Quarterback Philip Rivers, who led the Chargers and the Colts with notable talent and durability in his 17-year N.F.L. career, retired on Wednesday at 39.
Rivers was named the starting quarterback of the Chargers, then based in San Diego, in 2006. In the years since, he managed to start all 16 regular-season games in an astonishing 15 consecutive seasons, 14 with the Chargers as the franchise moved to Los Angeles, and the 2020 season with the Indianapolis Colts. He had at least 20 touchdown passes, 250 completions and 3,000 yards in every one of those seasons.
Rivers retires ranking fifth in the three major career categories: completed passes (5,277), passing yards (63,440) and passing touchdowns (421). In each case, he ranks behind Tom Brady, Drew Brees, Peyton Manning and Brett Favre, in some order.
Unlike those four quarterbacks, he never played on a team good enough to make a Super Bowl. His career playoff record was only 5-7. Still, he was good enough to make eight Pro Bowls, and lead in just about every passer category for a season or two.
“Every year, Jan. 20 is a special and emotional day,” Rivers told ESPN. “It is St. Sebastian’s feast day, the day I played in the A.F.C. championship without an A.C.L., and now the day that after 17 seasons, I’m announcing my retirement from the National Football League.”

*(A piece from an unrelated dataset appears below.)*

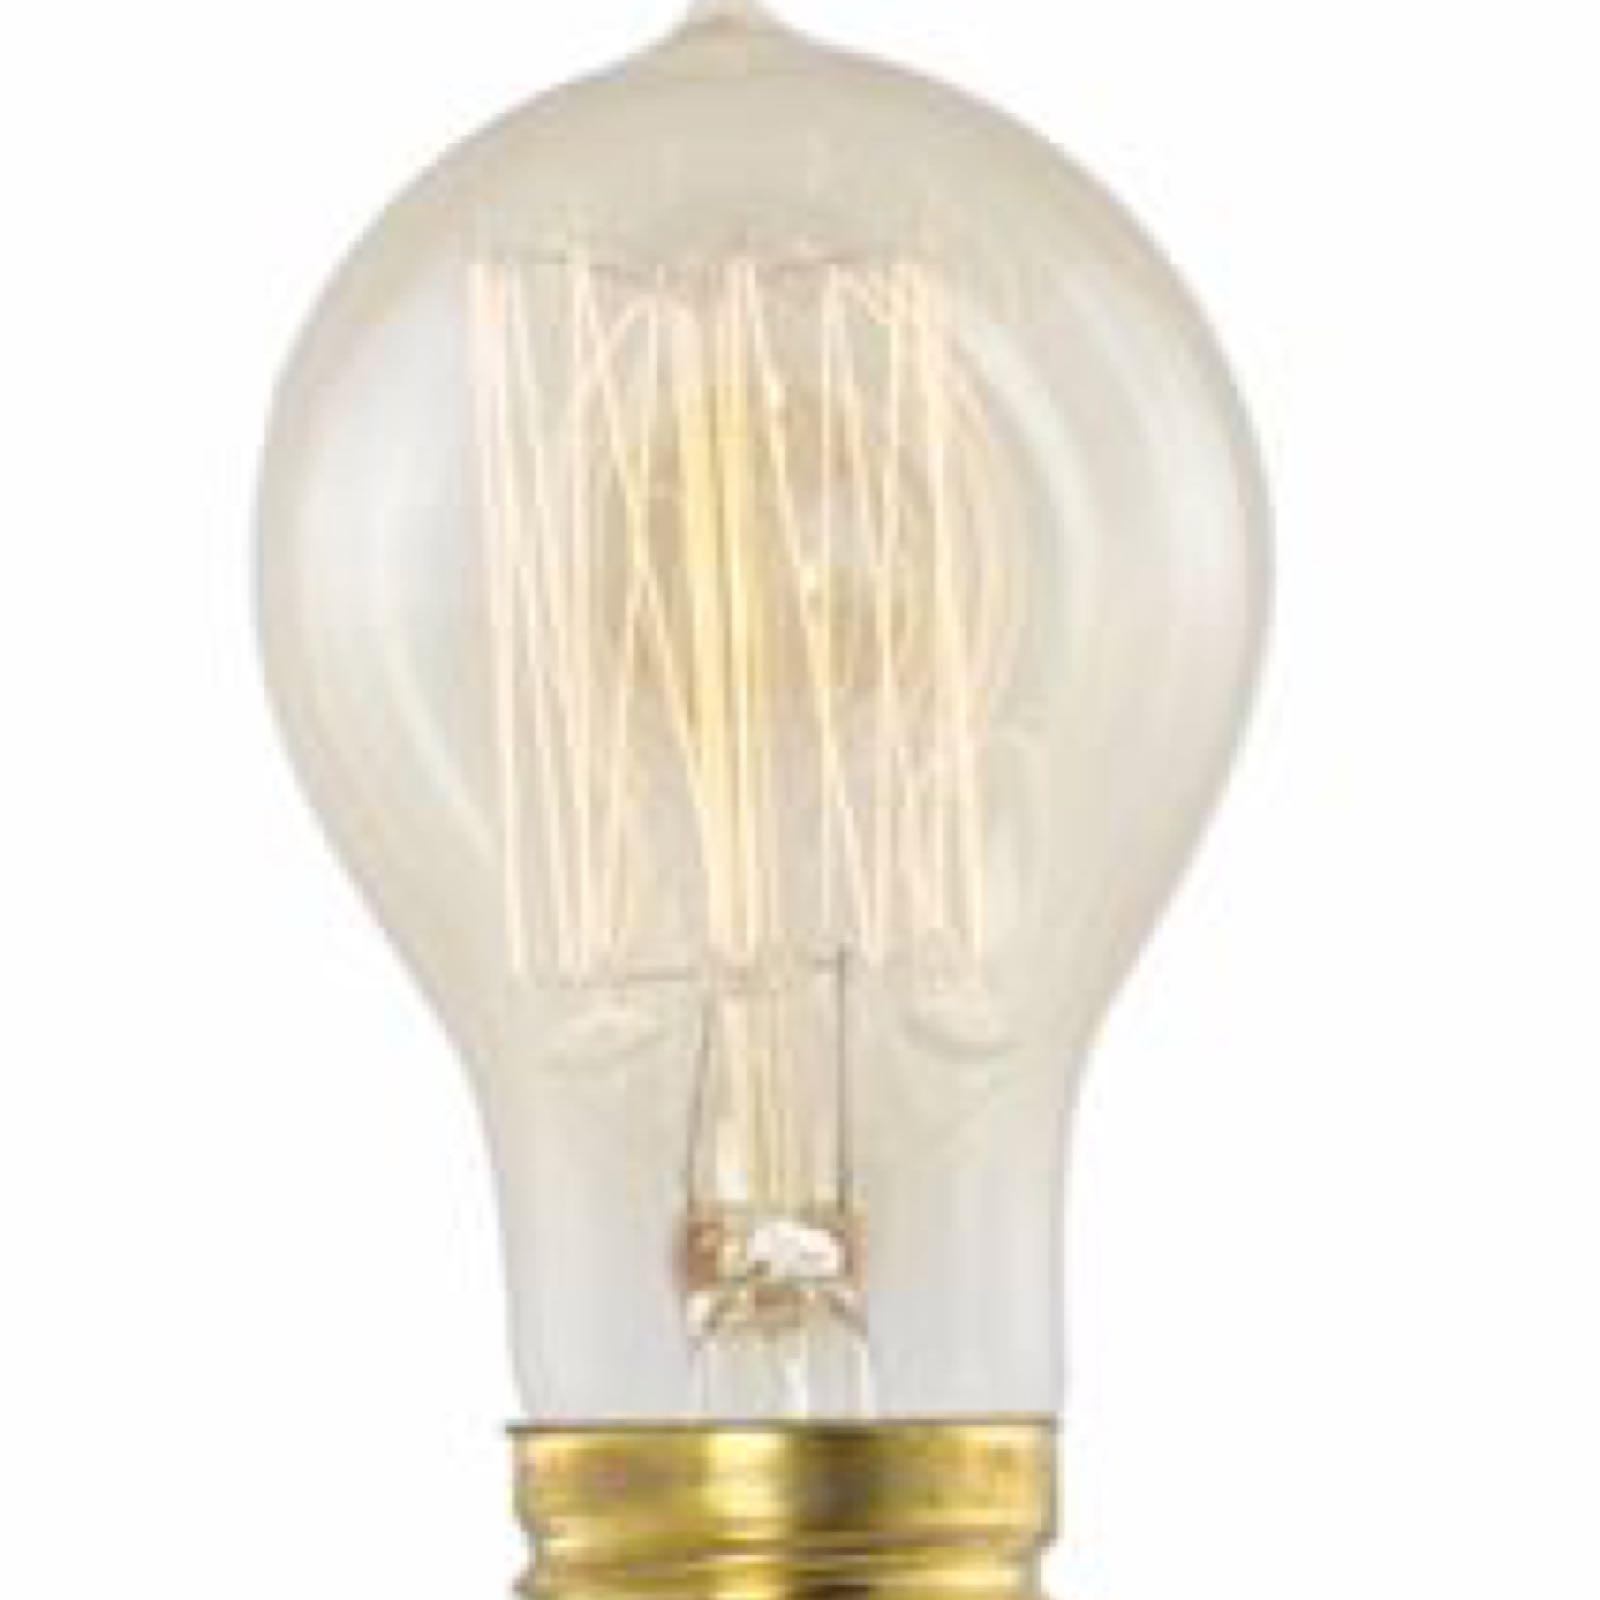 E27 round bulb screw in

In the A.F.C. championship game for the 2007 season, Rivers played despite having torn his anterior cruciate ligament. The Chargers lost to Tom Brady and the New England Patriots, 21-12, denying Rivers that elusive Super Bowl appearance.
Rivers crossed paths with several quarterbacks who, like him, may wind up in the Hall of Fame. He was drafted No. 4 over all out of North Carolina State by the Giants, who immediately traded him to the Chargers for the No. 1 pick, Eli Manning.
After two seasons on the bench, Rivers got the starting job with the Chargers when they decided to let their incumbent quarterback, Drew Brees, leave as a free agent. But Rivers proved nearly as productive over his long career.
Even in his final season, with Indianapolis, he led the team to an 11-5 record. In his final game, he lost to the Buffalo Bills in the first round of the playoffs, 27-24.
Born in Alabama, the son of a high school football coach and a teacher, Rivers for a time caught the fancy of fans by wearing a bolo tie at postgame interviews. “Whether he does or not, he comes across as a guy who when he’s done playing is going to be on a ranch, cleaning a barn or riding a horse,” Chargers tight end Antonio Gates said in 2014 of Rivers, who had a locker next to him for a decade. “He’s got that true country boy in him.”
“I can sit here and say: ‘I can still throw it. I love to play,’” Rivers told The San Diego Union-Tribune. “But that’s always going to be there. I’m excited to go coach high school football.”
In May, Rivers was announced as the next head coach at St. Michael Catholic High School in Fairhope, Ala., effective after his N.F.L. career was over.
Rivers concluded a statement of thanks to fans, coaches and teammates with the Latin phrase “nunc coepi,” which he has translated as “now I begin.” The phrase has served as his motto over the years, and hung on the wall of the Chargers’ locker room.